At what point do people take responsibility for themselves financially? I appreciate people should not be left to starve but if they make some decisions in life that don't work out for whatever reason why should those who's decisions work out be expected to help those again who's decision did not work out. Is this not what income tax is supposed to cover?

This is a genuine question?


----------



## Allpartied

The Horseman said:


> if you discourage people from planning for their future and enjoying the "fruits of their labour" then where do they get income from in retirement?
> 
> At what point do people take responsibility for themselves financially? I appreciate people should not be left to starve but if they make some decisions in life that don't work out for whatever reason why should those who's decisions work out be expected to help those again who's decision did not work out. Is this not what income tax is supposed to cover?
> 
> This is a genuine question?



If the retiree bought his house in 1995, he's sitting on huge capital appreciation. He can use that to fund his retirement. 

If the retiree bought his house in 2005, he might, by now, have just about recovered to the price he paid for it.  Its possible he has had to extend his mortgage into retirement and will still have to pay it down, when his income is plummeting. 

Retiree number one is not any more talented, or brighter than retiree number two.   He's just benefited from the cycle of capitalist crisis.  So, you can plan all you like, but the system might still shaft you.


----------



## joe sod

Allpartied said:


> If the retiree bought his house in 1995, he's sitting on huge capital appreciation. He can use that to fund his retirement.
> 
> If the retiree bought his house in 2005, he might, by now, have just about recovered to the price he paid for it.  Its possible he has had to extend his mortgage into retirement and will still have to pay it down, when his income is plummeting.
> 
> Retiree number one is not any more talented, or brighter than retiree number two.   He's just benefited from the cycle of capitalist crisis.  So, you can plan all you like, but the system might still shaft you.

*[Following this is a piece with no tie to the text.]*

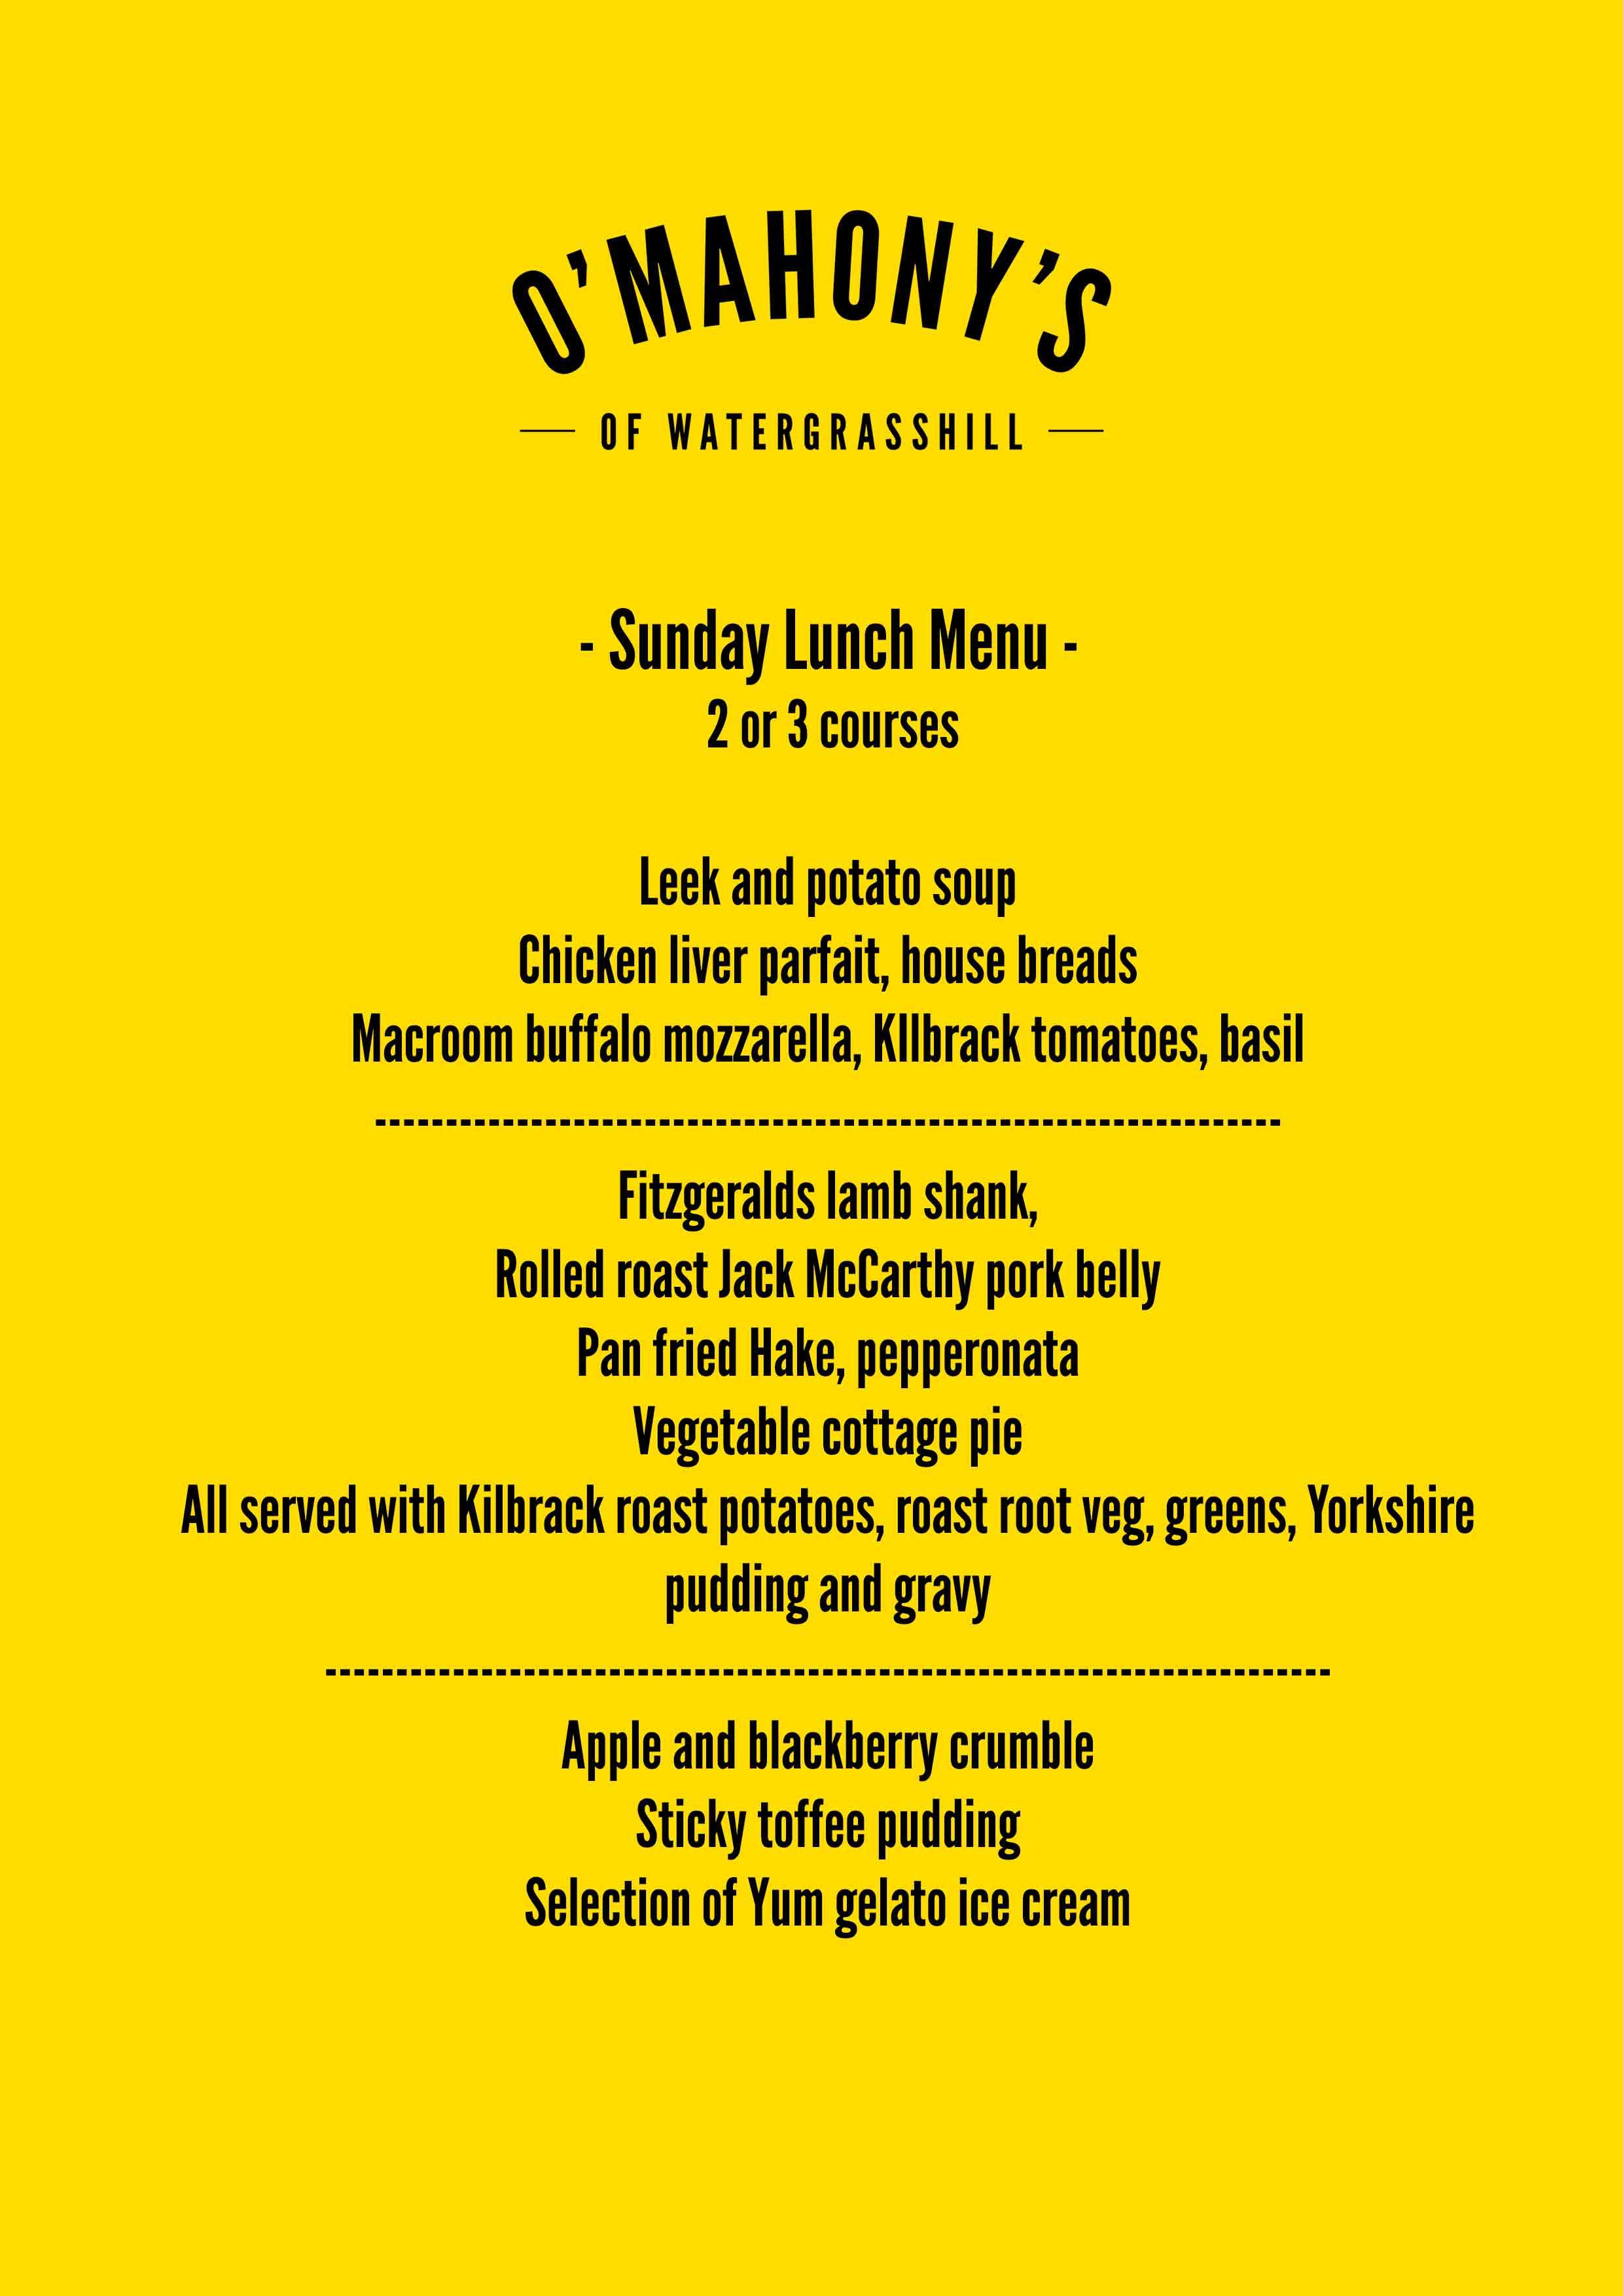 sunday lunch menu.jpg

But that "capitalist crisis " as you call it is paying for everything,  it pays the social welfare,  the public sector wages, the housing assistance payments  ,the accommodation for the Ukrainian refugees etc etc.
That is all payed for by and large by our capitalist system.  Ireland has benefited more than any country from FDI and it is this that is contributing to the bulk of our taxation. 
Without FDI Ireland would be bankrupt because it pays for everything


----------



## T McGibney

Capitalist crisis my nelly. Government tax and spend crisis more like it. And it's about to get infinitely worse.


----------



## Allpartied

joe sod said:


> But that "capitalist crisis " as you call it is paying for everything,  it pays the social welfare,  the public sector wages, the housing assistance payments  ,the accommodation for the Ukrainian refugees etc etc.
> That is all payed for by and large by our capitalist system.  Ireland has benefited more than any country from FDI and it is this that is contributing to the bulk of our taxation.
> Without FDI Ireland would be bankrupt because it pays for everything


Without wishing to get into an academic argument, I would suggest that  labour pays for everything and creates all wealth.  Its just that some people are very good at exploiting labour, which means that wealth is poorly distributed. So government has to intervene to ensure a more equitable distribution.   Believe me, left to their own devices the multi national, or the million euro salary guys wouldn't hand over one cent. 
I used the phrase crisis, because thats what economists call it and I doubt we could call 2008 anything other than a crisis for capitalism. 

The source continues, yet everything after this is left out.